В небольшом дощатом сарае без потолка было уже темно, и, когда вошел Заварухин, бойцы зажгли протянутый из угла в угол кабель в толстой, пропитанной смолой обмотке. Два смрадных язычка пламени тихо ползли от углов сарая к середке провисшего провода. На низкую бочку были положены двери, заменявшие стол, а на столе лежала развернутая немецкая карта и много замусоленных бумаг, которые перебирал батальонный комиссар Сарайкин, стоя у стола. Бойцы тотчас же вышли из сарая, а старший лейтенант Писарев, откинув ряднину, закрывавшую вход, убедился, что командир при месте, остался на улице и закричал своим звонким, молодым голосом:
— Связные, ко мне!
Командир и комиссар долго разглядывали один другого, будто узнавали, и, уяснив наконец, что оба живы и даже не ранены, дружелюбно улыбнулись, но улыбки вышли горькие, виноватые: «Видишь вот, мы уцелели, а полка, можно сказать, нету». Мысли друг друга хорошо поняли и, сговорившись словно, тяжело вздохнули.

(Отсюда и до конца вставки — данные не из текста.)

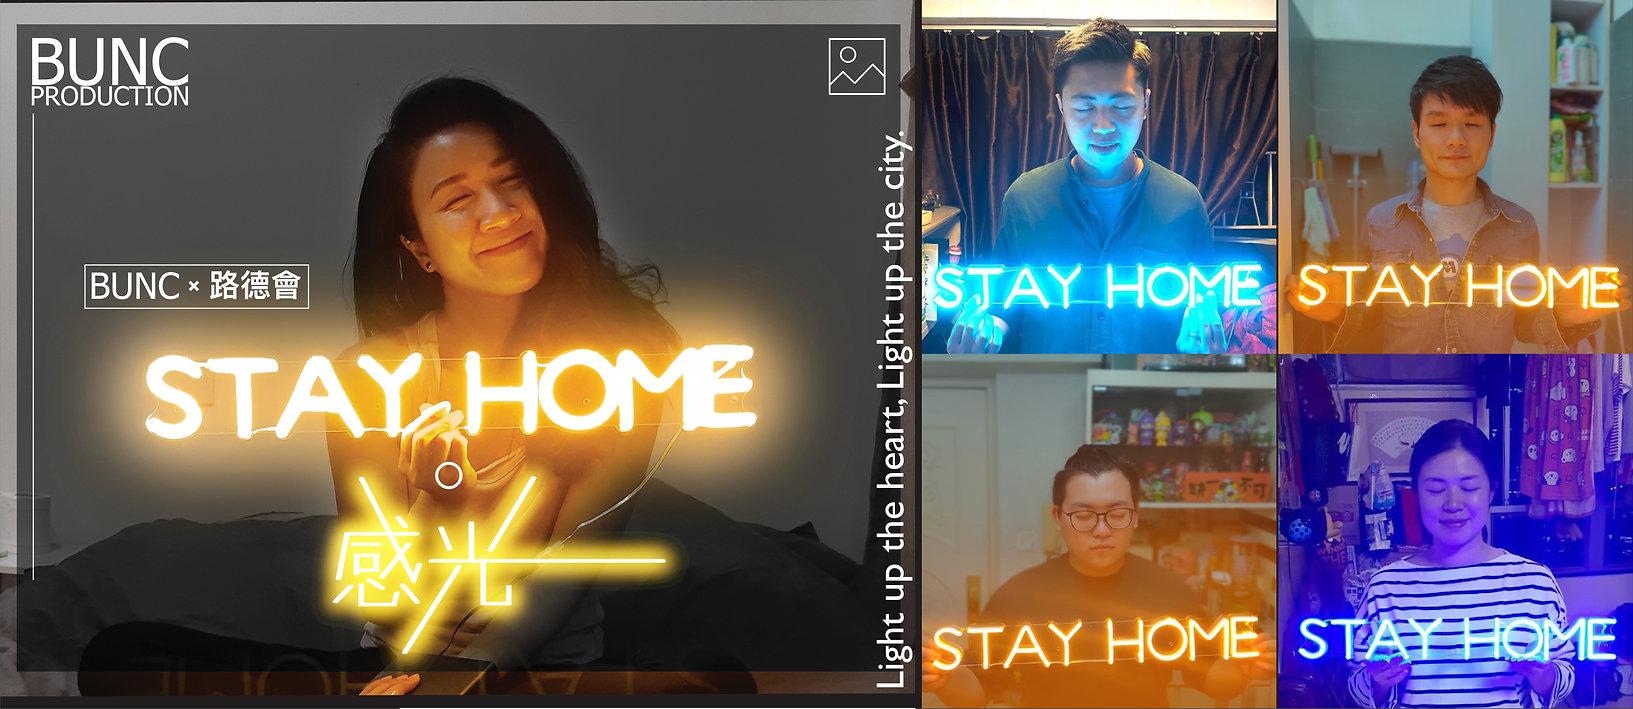 STAY HOME banner 2.jpg
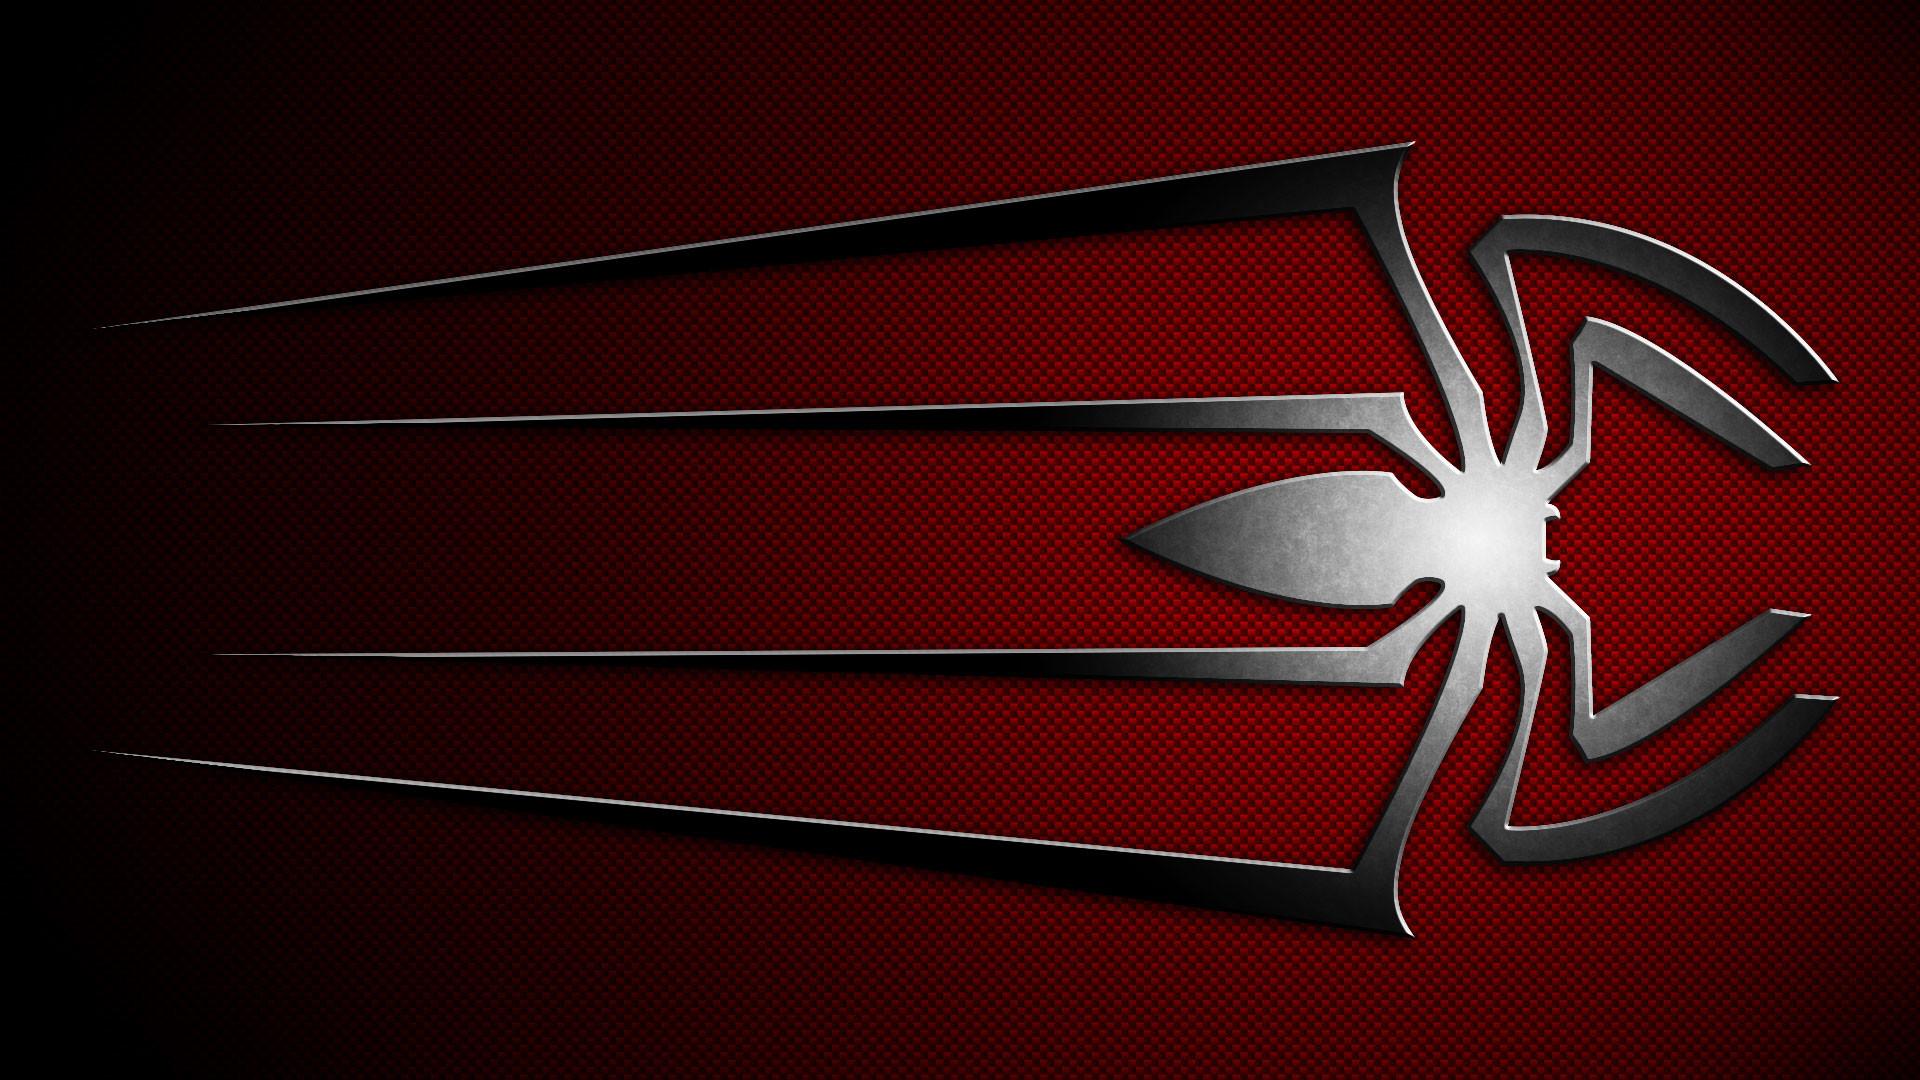 hd pics photos amazing spiderman best logo spider hollywood hd quality  desktop background wallpaper

— Будем отходить, товарищ комиссар. Спасем хоть что осталось.
— Как отходить?
— На восток.
— Это же отступление, Иван Григорьевич. — Глаза Сарайкина сузились и настороженно обострились. — Если я тебя правильно понял, ты предлагаешь бежать?
Сарайкин поднял безбровые надглазья, все так же щурясь, и Заварухин покачнулся в своем решении, но вдруг, обозлившись на себя за свою слабость, возвысил голос:
— Ты не пугай словами, комиссар! Я решил отходить!
— А со мной посоветовался?
— Советуюсь вот.
— Ты, я вижу, принял решение.
— На то я и командир, чтобы принимать решения.
Сарайкин в сердцах бросил на стол письма и фотографии, захваченные у немцев, которые рассматривал, и отошел в тень:
— Я не даю согласия на отход, потому как не желаю вместе с тобой стоять в нательной рубахе у стенки. Вот где стоим, тут и умирать будем.